You might hide behind busyness. “I’m too swamped to take that opportunity.” You’re not too busy. You’re afraid of what the opportunity exposes you to.

You might hide behind other people. You contribute in ways that let someone else be the face. You build things that others get credit for. You support rather than lead, not because supporting is your calling, but because leading would mean being seen.

You might even hide behind failure. If you never fully try, you never fully succeed, and full success would make you impossible to ignore.

Why Visibility Feels Dangerous

The hiding trigger usually traces back to early experiences where being noticed was painful. Being criticized, mocked, punished, or rejected for being visible. The lesson learned was: visibility equals danger. Stay small, stay safe.

The lesson was probably accurate at the time. In a hostile environment, visibility is dangerous. If standing out gets you knocked down, hiding is a survival strategy.

But you’re not in that environment anymore. The circumstances have changed. What hasn’t changed is the automatic rule: stay hidden.

The Practice

Same alternating scan technique as yesterday. Continue until visibility feels less threatening. Usually 20 to 30 minutes.

Scan times you hid. Let memories surface of times you made yourself small, avoided attention, stayed invisible, turned down visibility, shrank from being noticed. See them clearly.

Scan times you were found or exposed. Times you were visible against your will, or visible and it went wrong. Times you were noticed and it was painful. Times you stood out and suffered for it.

Alternate between the scans. Hiding memories for a minute. Exposure memories for a minute. Back and forth. Let the heat on both sides diminish through the alternation.

As you alternate, you’ll notice the polarity softening. The hiding doesn’t feel as necessary. The exposure doesn’t feel as threatening. The middle ground, visible by choice, hidden by choice, becomes available.

What Opens Up

When the hiding trigger has been worked through, a specific kind of freedom appears. You can choose when to be visible and when to step back, based on what serves your expansion rather than what manages your fear.

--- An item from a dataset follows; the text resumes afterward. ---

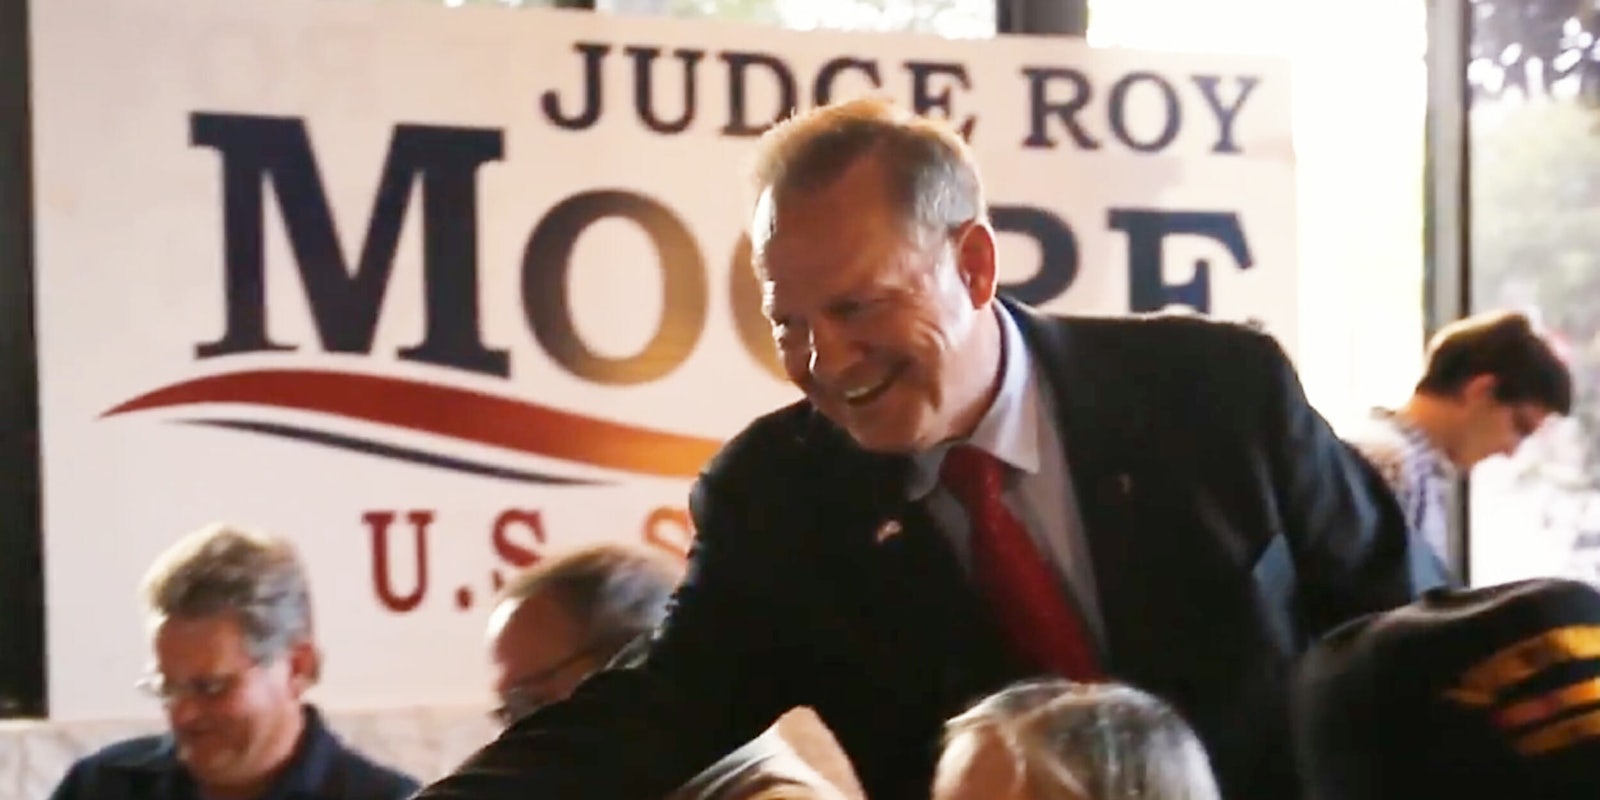 A woman has accused Roy Moore, the Republican Senate candidate in Alabama, of attempting rape her when she was 16.

This doesn’t mean you become an extrovert or crave the spotlight. It means visibility stops being a trigger and becomes a tool. You can use it when it’s useful and set it aside when it’s not.

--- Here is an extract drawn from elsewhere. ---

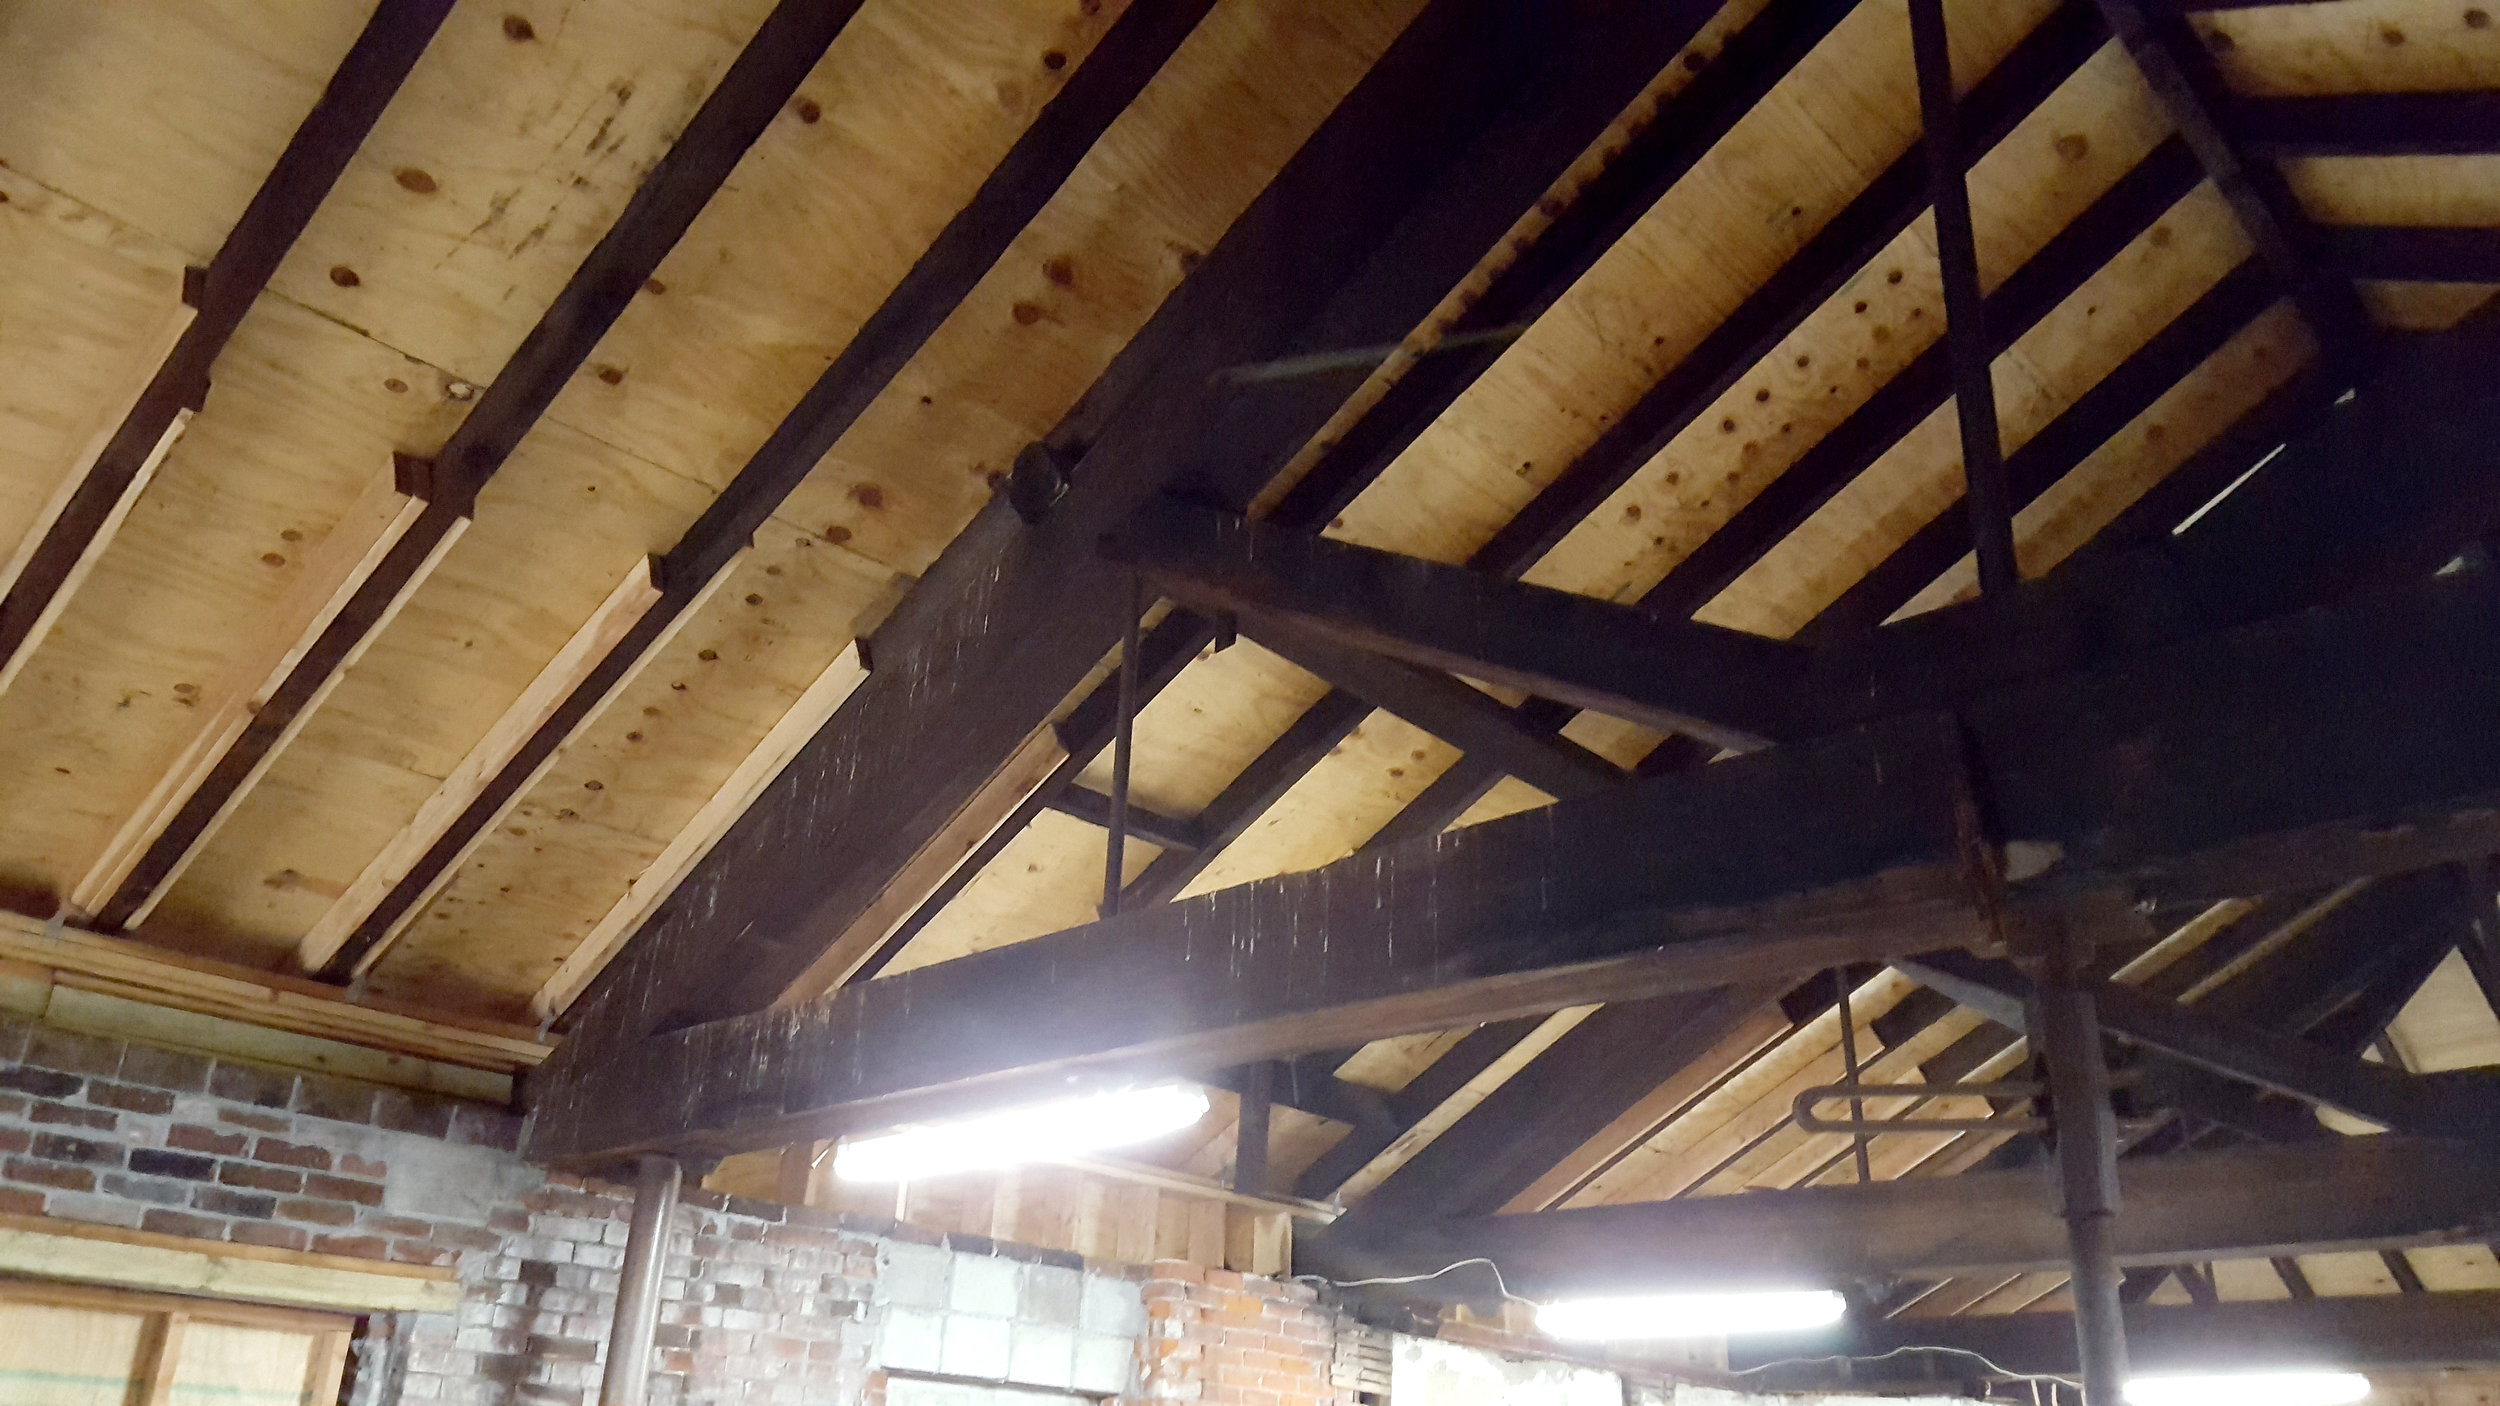 Carriages used to be stored in here; the large roof trusses also hold up the second floor, so that the first floor could be totally open. There

For expansion purposes, this is enormous. The projects you wouldn’t launch because people might see them. The ideas you wouldn’t share because they might attract attention. The leadership you wouldn’t step into because it would put you in front of people. All of that becomes available when visibility stops being threatening.

Today’s Practice

Do the alternating scan for hiding/being found. Continue until visibility feels less threatening, usually 20 to 30 minutes.

After the session, ask yourself: what would you do if being visible weren’t threatening? Not “what would you do if you were guaranteed to succeed,” that’s a different question. What would you do if being noticed, being seen, being visible simply didn’t carry the heat it used to?

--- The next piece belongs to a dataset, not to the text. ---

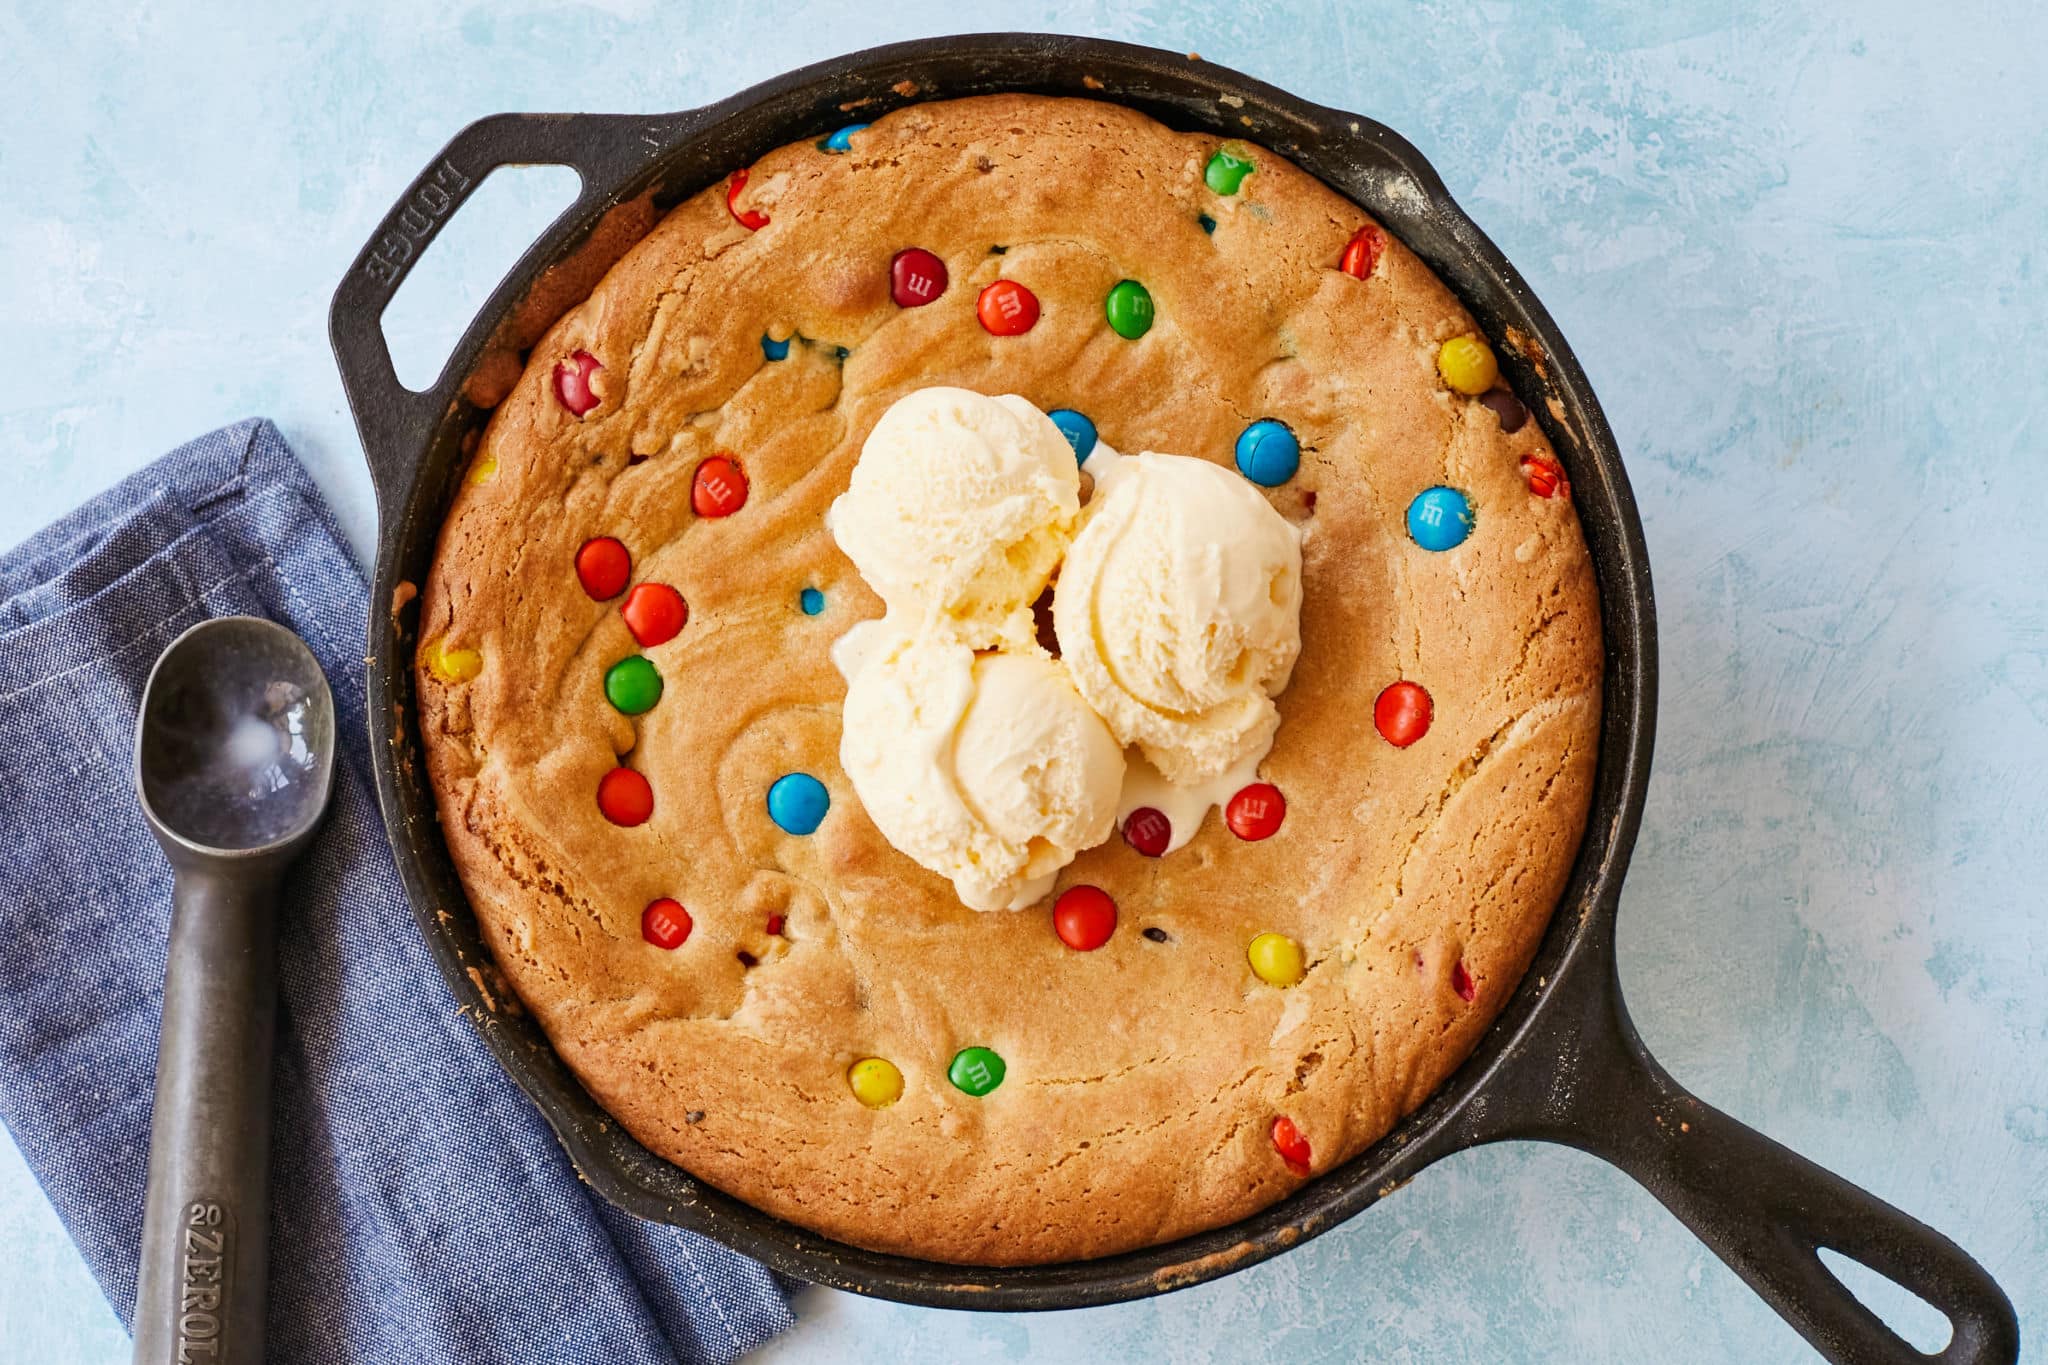 Top-down view of a skillet cookie.

Think about your expansion goals. Which ones require visibility? Public-facing projects, relationship building, leadership, creative expression, business growth, which of these have been limited by the hiding trigger?

Write down what shifted and what expansion becomes available now. If the polarity hasn’t fully balanced, plan another session. This trigger often takes multiple passes, especially if hiding has been a lifelong strategy.